After deciding the level of involvement you want to have with your investment, you will have to decide exactly which type of Investment ISA you want to opt for.
If you want to invest through a fund you should compare those on the market to make sure you get the account best suited to your needs.
For help choosing a fund, read our guide: 9 Steps to Finding an Investment Fund That Will Maximise Your Profit
In the same way as comparing the various fund ISAs on offer, if you've decided to opt for a self select ISA then you can start to compare the different investment ISAs on the market.
Check exactly what areas each self select ISA will allow you to invest in; some are restricted to certain market sectors, while others may only allow you to buy shares from UK based or European companies.
You should also check the different fees applied by the various accounts, including deposit fees, trading fees and whether the account also applies a dormancy fee if you are inactive for a certain period of time.

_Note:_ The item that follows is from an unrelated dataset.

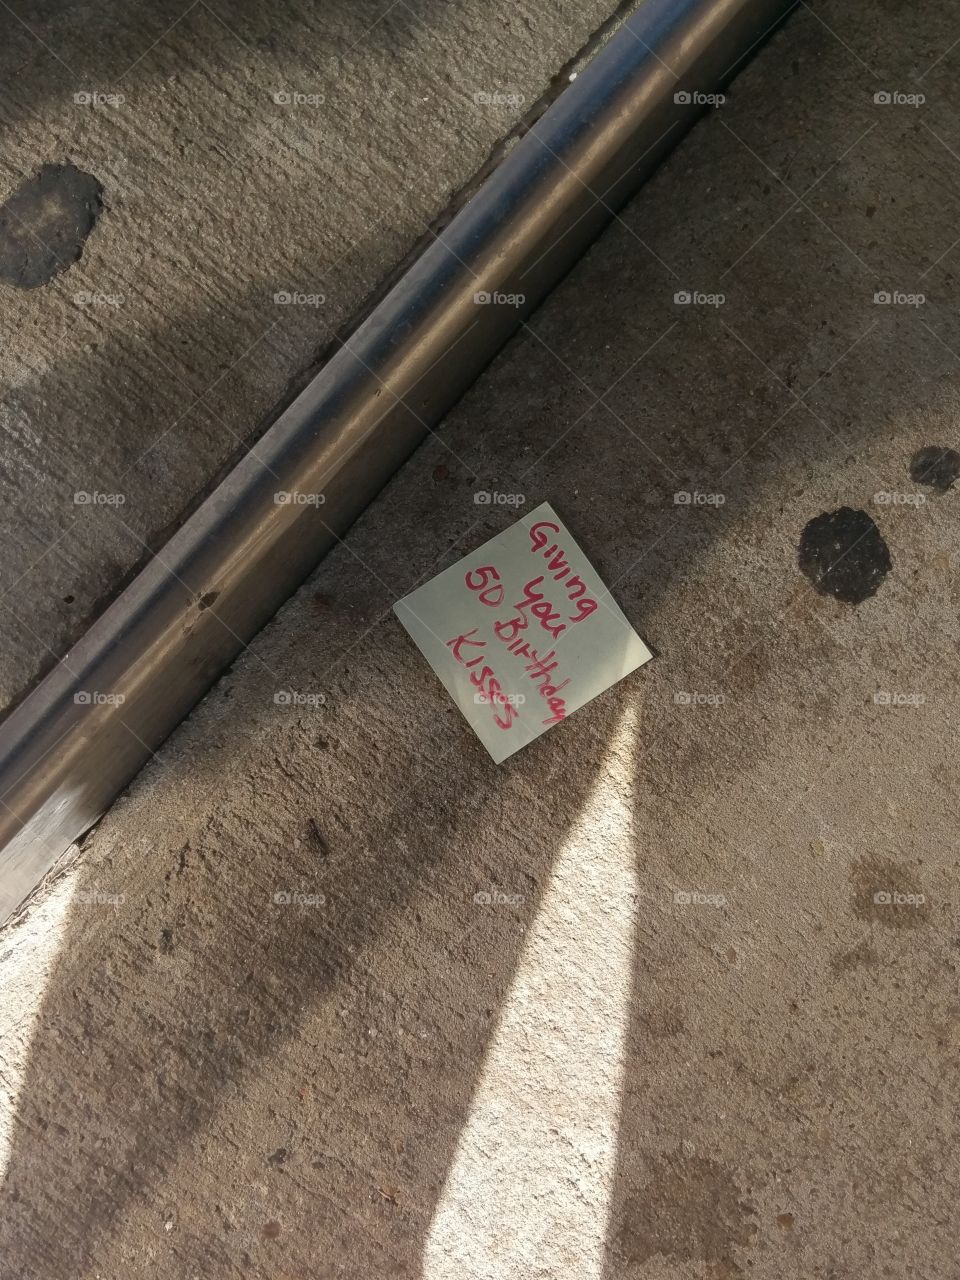 Random love note on the street
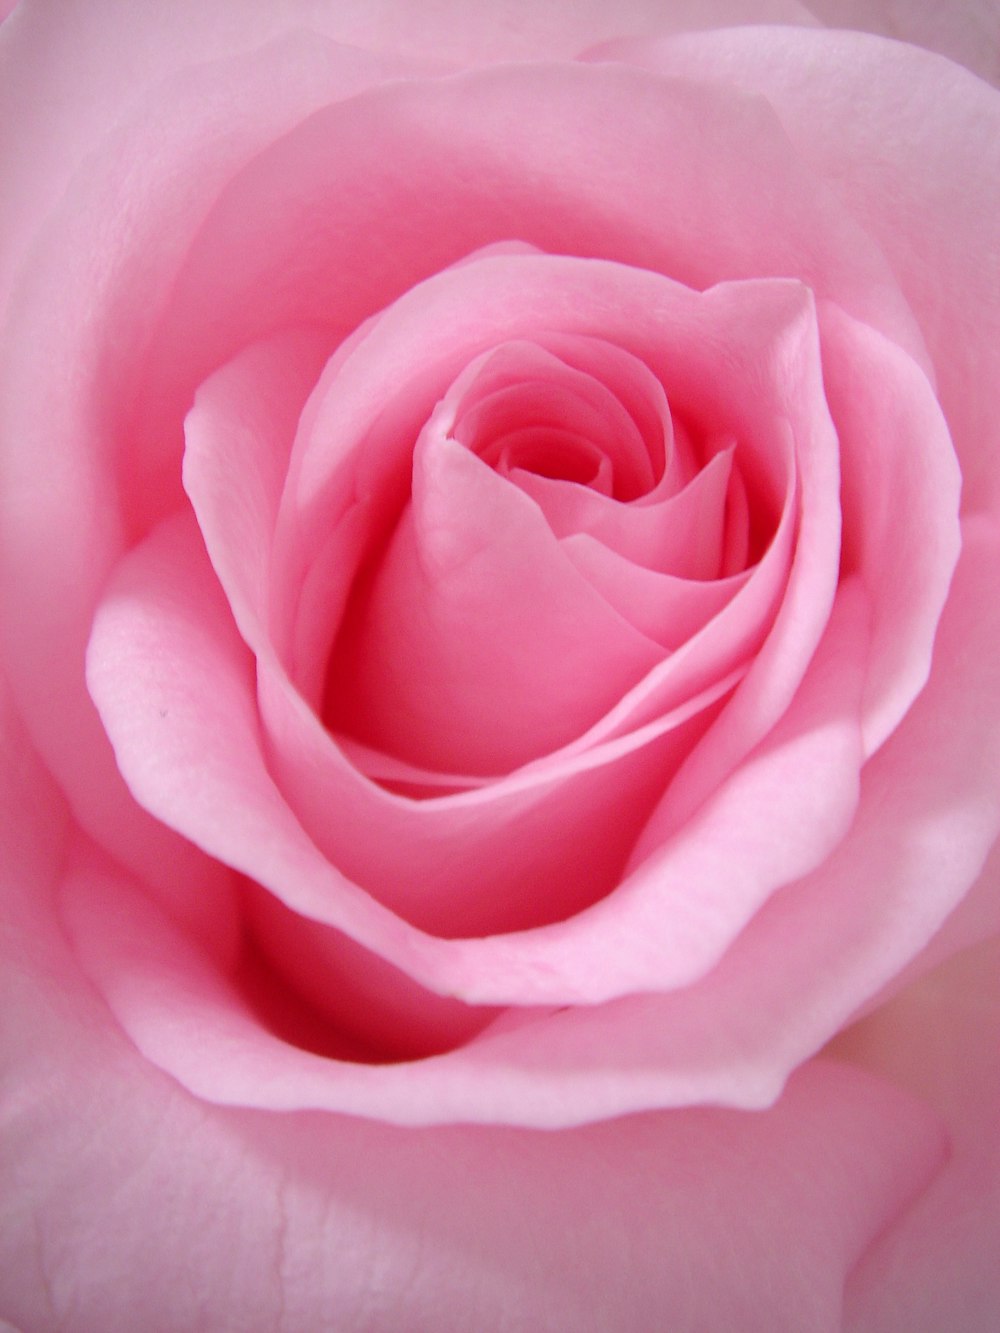 Gros plan photo de rose rose

The level of advice and guidance you receive will also vary between self select ISAs, some may recommend investments which you have to approve or reject, while execution only account will literally leave the decision entirely to you.
You can compare of the different self select ISAs using our self select comparison table.
If you decide that you want to move your Investment ISA at a later date then you can do this. However, you can't simply close your existing Investment ISA and deposit the money into a new Investment ISA.
In order to ensure that your tax free allowance is transferred, you need to get your investment manager or company to transfer your balance directly to your new account.
This usually involves completing an ISA transfer form which is then send to the new account provider who makes sure that the money you are transferring doesn't affect that year's ISA allowance.
If you are unhappy with your Investment ISA you can look to change your investments or switch to a different provider.
As with Cash ISAs, you are allowed to hold more than one Investment ISA but you are only allowed to pay into one each financial year.
You can, if you wish, move money from a Cash ISA to an Investment ISA without losing your tax free benefits and you can now transfer money the other way, from an Investment ISA to cash as well if you wish.
Additionally you can in some situations move existing investments within an ISA wrapper, so you get the tax benefits on the existing account, however, whether you are able to do this will depend on the type of investment account you hold.
For more help transferring your Cash ISA read our guide: How to transfer your Cash ISA.
If you're at all unsure about whether Investment ISAs would work for your finances it's important to get some Investment ISAs advice from an independent financial advisor.